Le géant de la mode en ligne Shein envisage de construire une usine au Mexique pour avoir un autre centre de production en dehors de la Chine, ont déclaré à Reuters des sources proches du dossier.
L’usine, qui produirait des articles Shein dans le cadre de la volonté du détaillant de favoriser la délocalisation, pourrait raccourcir les délais d’expédition et réduire les coûts de distribution pour les clients Shein en Amérique latine. De plus, l’analyse fait suite à l’annonce de la construction d’un réseau de fabrication au Brésil pour servir de clientèle mondiale.
Shein a été fondée en Chine et y fabrique la plupart de ses produits, mais cherche maintenant à se diversifier. La société vend des robes à 10 $ et des chemisiers à 5 $ et a pris des parts de marché aux autres détaillants de mode abordables.
Désormais basé à Singapour, Shein est en concurrence avec Temu de PDD Holdings, qui vend aux États-Unis des articles à bas prix allant des vêtements à l’électronique en provenance de Chine.
L’emplacement définitif du site mexicain n’a pas encore été décidé, ont déclaré les sources à Reuters, demandant l’anonymat car les discussions sont privées.
Shein utilisera les fonds de sa récente levée de fonds de 2 milliards de dollars auprès d’investisseurs tels que Mubadala et Sequoia China pour financer l’expansion alors qu’elle envisage une offre publique initiale aux États-Unis.
Malgré une valorisation réduite à 66 milliards de dollars lors de son dernier cycle de financement, le détaillant affiche toujours une croissance annuelle de 40% de ses revenus, a ajouté l’une des sources.
Dans une déclaration envoyée par courrier électronique à Reuters, Shein a refusé de commenter le plan, mais a déclaré qu’il s’engageait à se localiser sur de nouveaux marchés au fur et à mesure de son expansion.
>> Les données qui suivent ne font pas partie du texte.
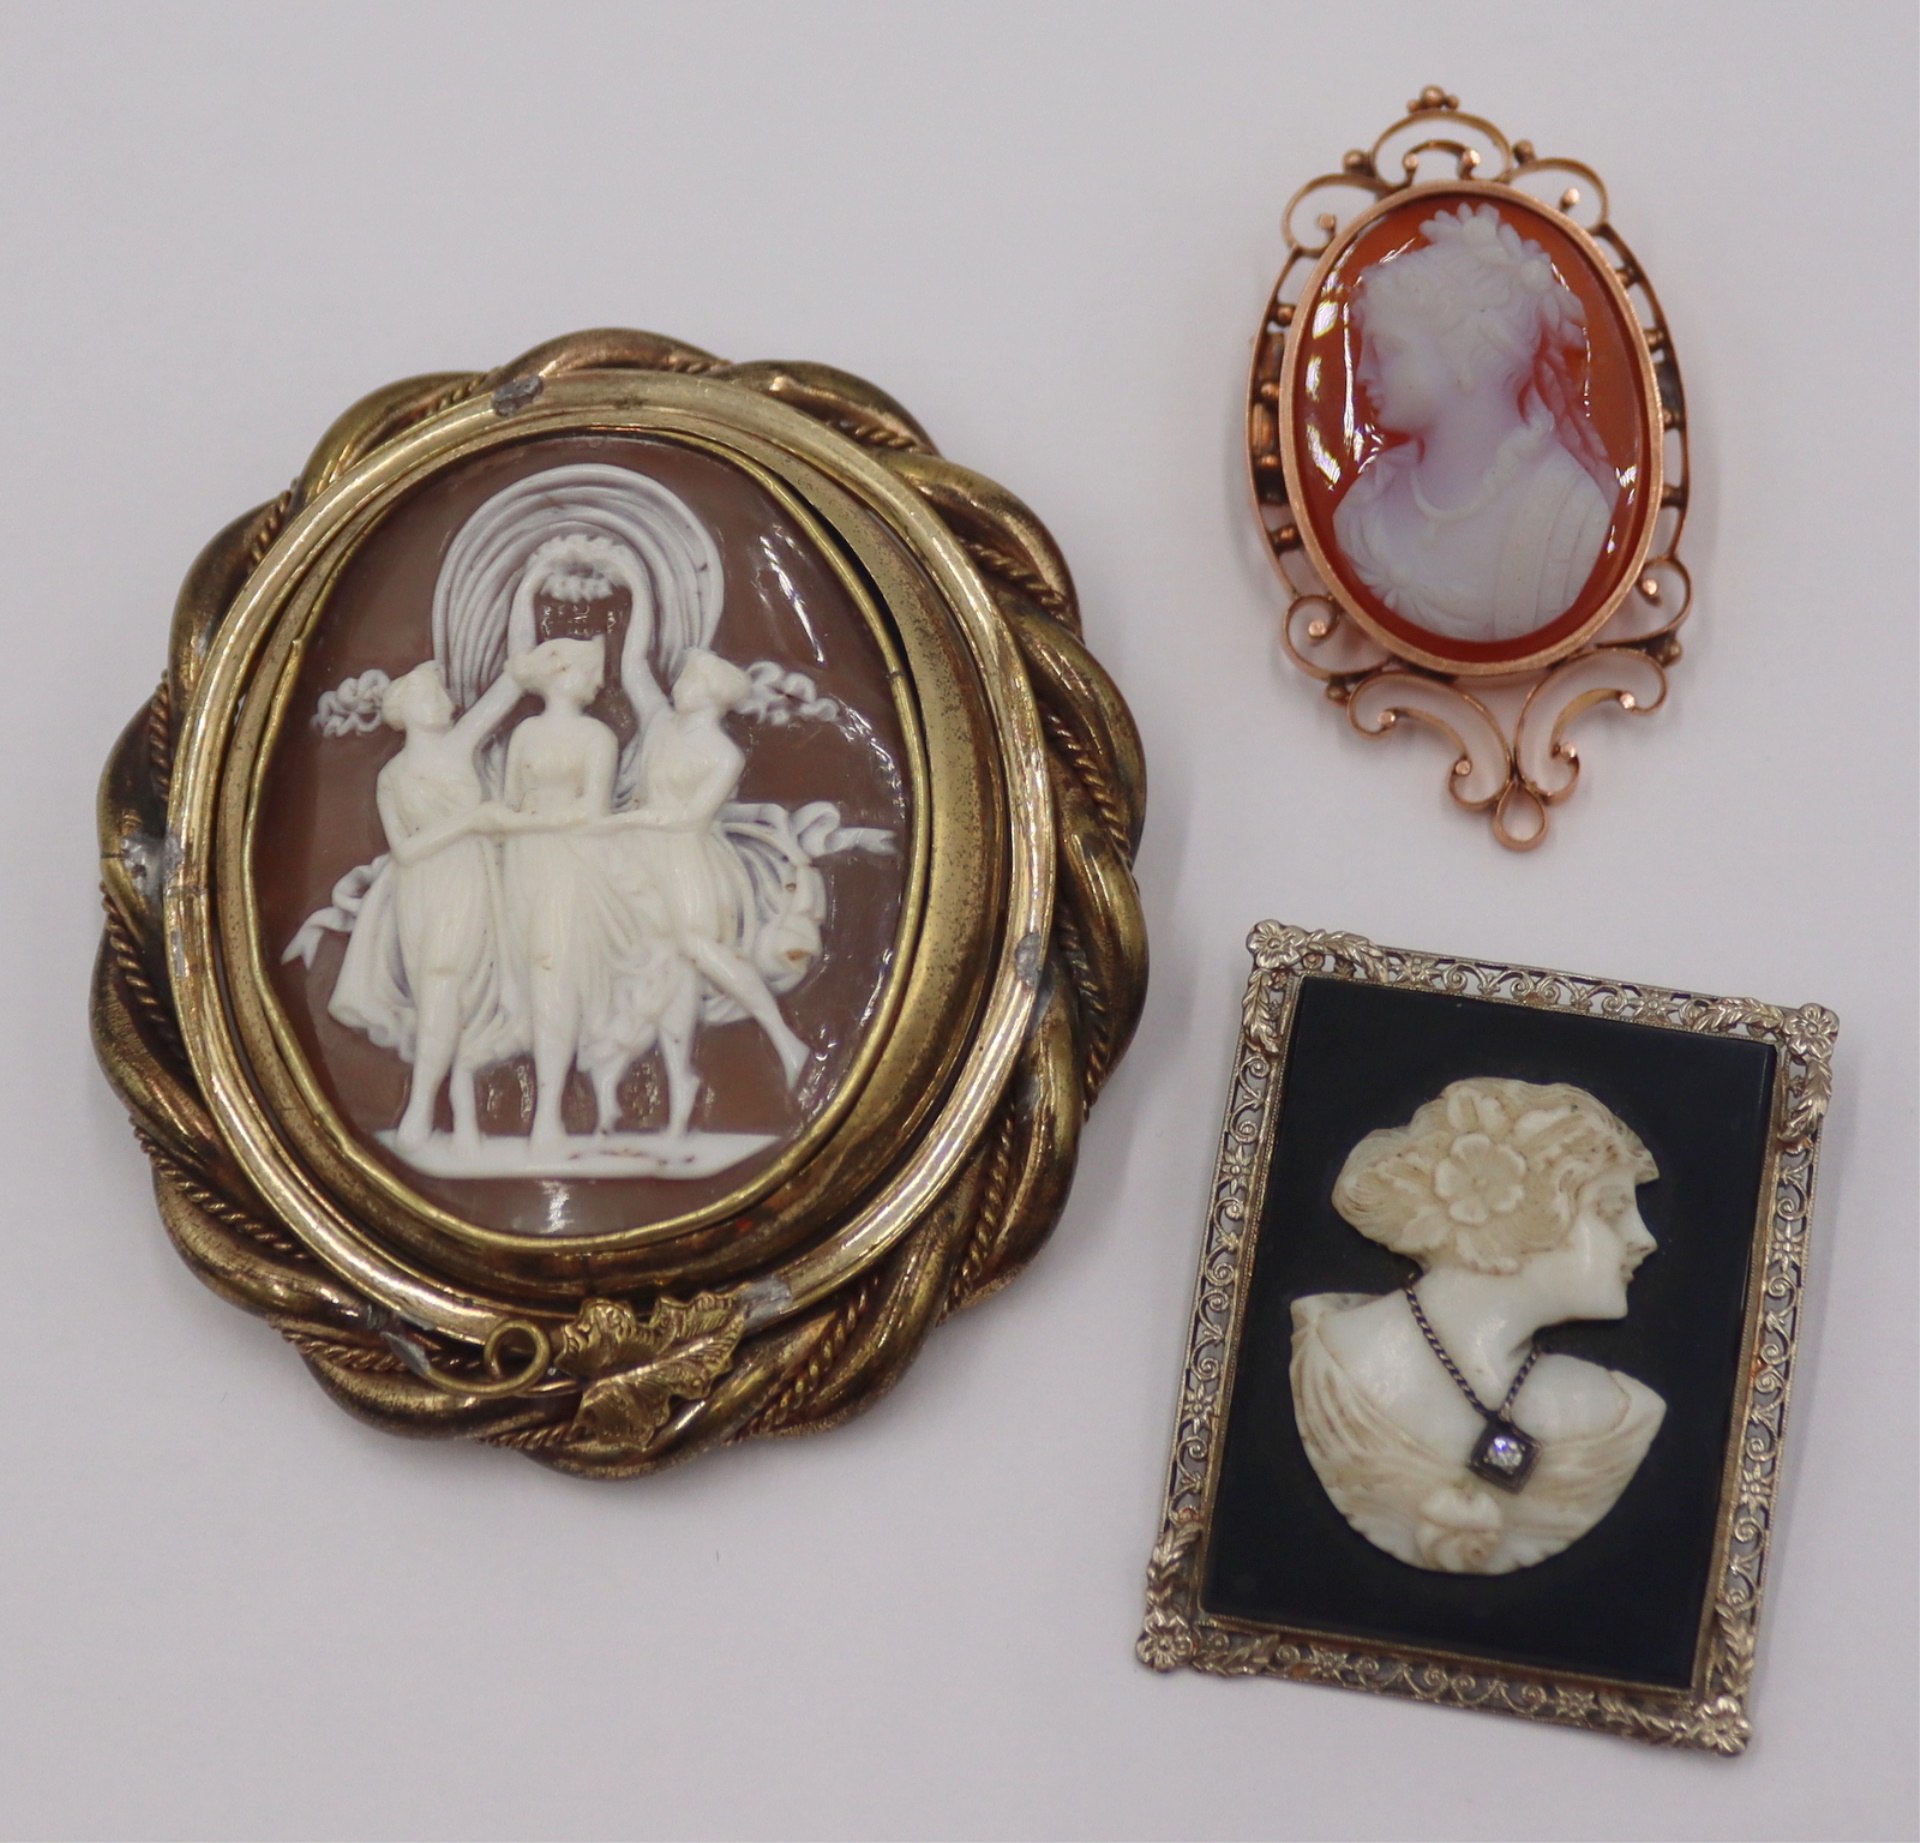 JEWELRY 3 ANTIQUE CARVED CAMEO 3bb07a

« La stratégie de localisation de Shein nous permet de raccourcir les délais de livraison aux clients tout en élargissant la variété des produits et en soutenant les économies locales », a déclaré Marcelo Claure, président de Shein Amérique latine, dans le communiqué.
Shein « continue d’explorer les options de proximité », a-t-il ajouté, faisant référence à une fabrication plus proche du point de vente.
La société a récemment proposé une plate-forme de marché en ligne au Brésil, permettant aux marchands tiers de vendre leurs propres produits sur l’application et le site Web Shein. Un marché similaire serait ensuite lancé aux États-Unis avant de se déployer à l’échelle mondiale.
La prochaine usine mexicaine n’abriterait pas d’articles provenant de fournisseurs extérieurs, ont indiqué les sources. Claure a confirmé que Shein envisageait d’étendre son « modèle de marché à d’autres marchés d’Amérique latine ».
Shein a été critiqué sur des marchés tels que l’Inde, le Brésil et les États-Unis pour ses liens de chaîne d’approvisionnement avec la Chine. En mai, un groupe bipartite de représentants américains a demandé à la Securities and Exchange Commission de suspendre l’offre publique initiale de Shein jusqu’à ce que la société vérifie qu’elle n’utilise pas le travail forcé, a rapporté Reuters.
Shein a précédemment déclaré avoir une « tolérance zéro » pour le travail forcé et exiger des fournisseurs qu’ils respectent les conventions fondamentales de l’Organisation internationale du travail. Un porte-parole a fait référence aux mêmes commentaires mardi, lorsqu’on lui a demandé une réponse à ce sujet.
Des groupes de défense des droits et des gouvernements ont accusé la Chine de travail forcé et d’internement de la minorité ethnique majoritairement musulmane dans la région du Xinjiang. Pékin nie toute violation des droits. Shein a nié avoir expédié depuis la région du Xinjiang.